Или: «На третий день пошли они в гражданский подотдел и записались».)
Перегиб.
Подъемные.
Суточные.
Частник.
Толкач.
Чтобы растолковать иностранцу (или эмигранту первой волны) значение хотя бы одного только последнего слова, пришлось бы довольно долго объяснять суть социалистической системы хозяйствования, при которой нормальные экономические стимулы не действуют, почему и возникает потребность в «толкачах».
Впрочем, иностранцу пришлось бы растолковывать и не столь экзотические, а куда более простые, постоянно мелькавшие в нашей речи и давно уже ставшие для нас обыденными слова.

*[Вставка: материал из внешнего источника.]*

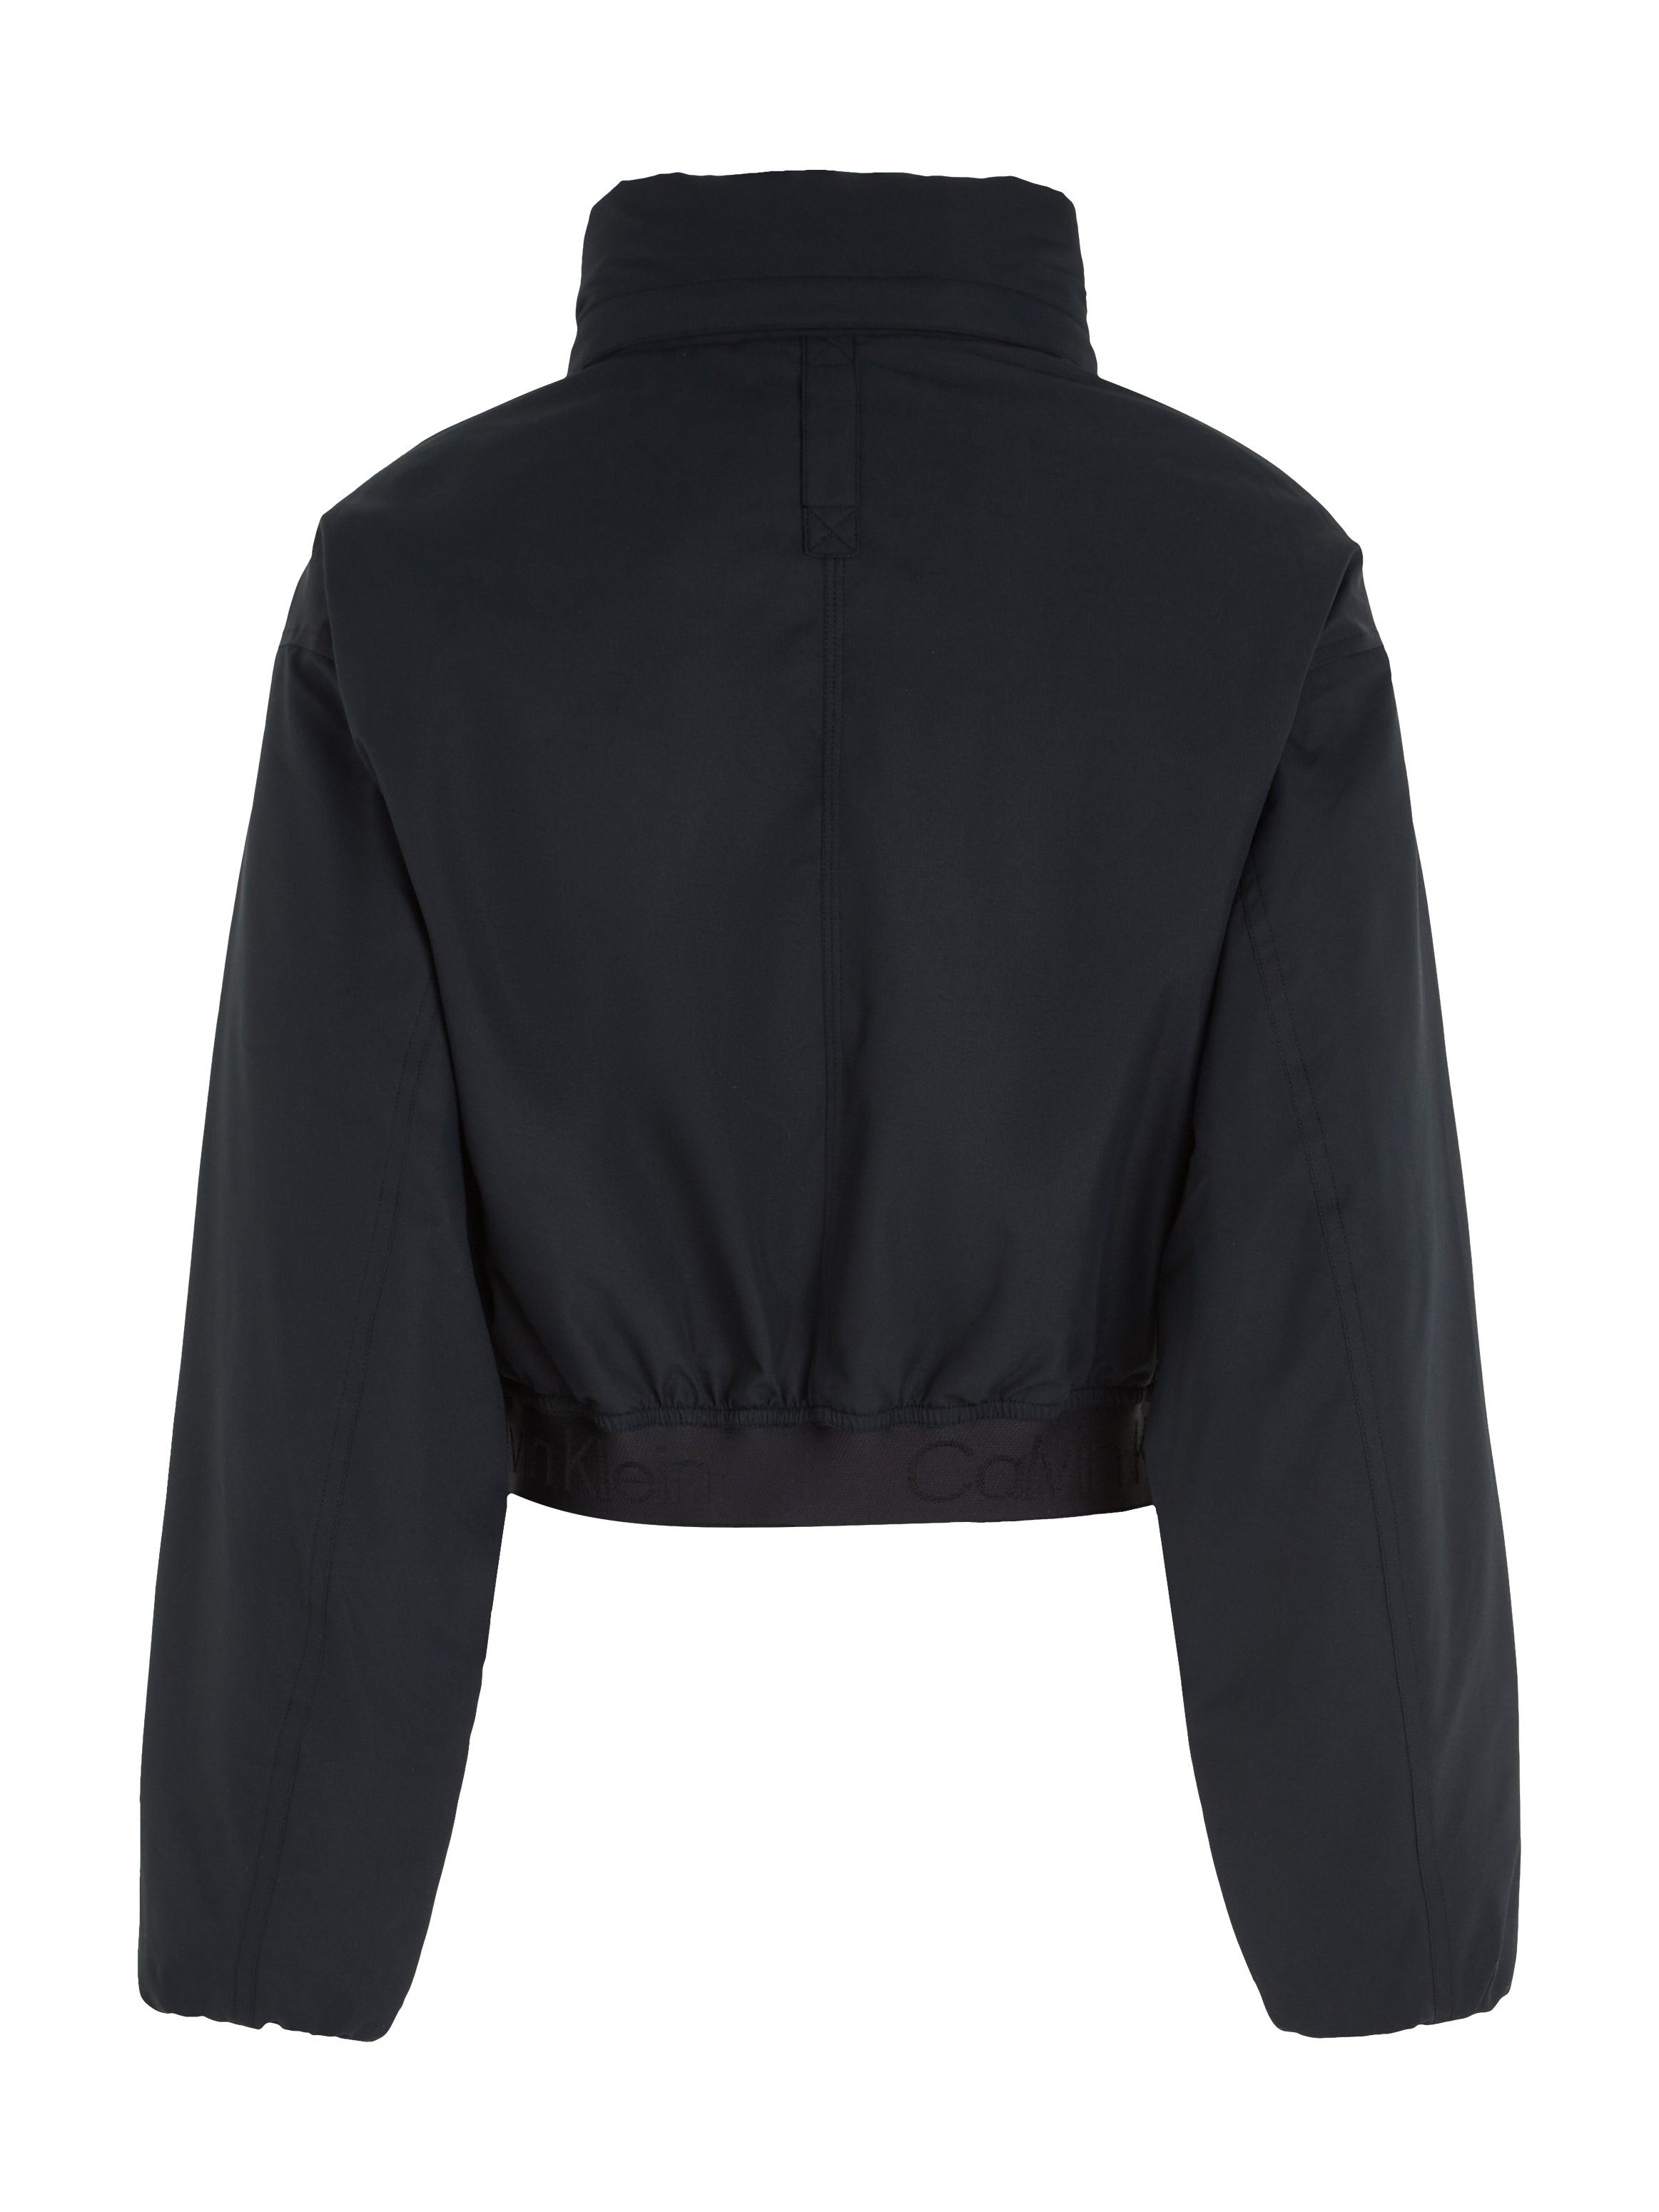 Calvin Klein Sport Outdoorjacke Jacket PW Padded - schwarz

Отсюда — дополнительные, почти непреодолимые трудности, возникающие при переводе с «советского» на любой из европейских языков:
► Когда американец переводит, например, француза, он имеет дело с реальностью, более или менее ему знакомой. А как, например, перевести: «Иванову дали жилплощадь»? Или, скажем: «Петрову удалось достать банку растворимого кофе»? Или, допустим: «Сидоров лишился московской прописки»? Что все это значит?
Вот — лишь некоторые из таких слов, отразивших привычные для советского человека уродства советского быта:
► Авоська.
Дают. (Знаменитый советский вопрос: «Что дают?»)
Выбросили. (Тоже про какой-нибудь товар.)
Галочка («Поставить галочку», «для галочки» — то есть для проформы.)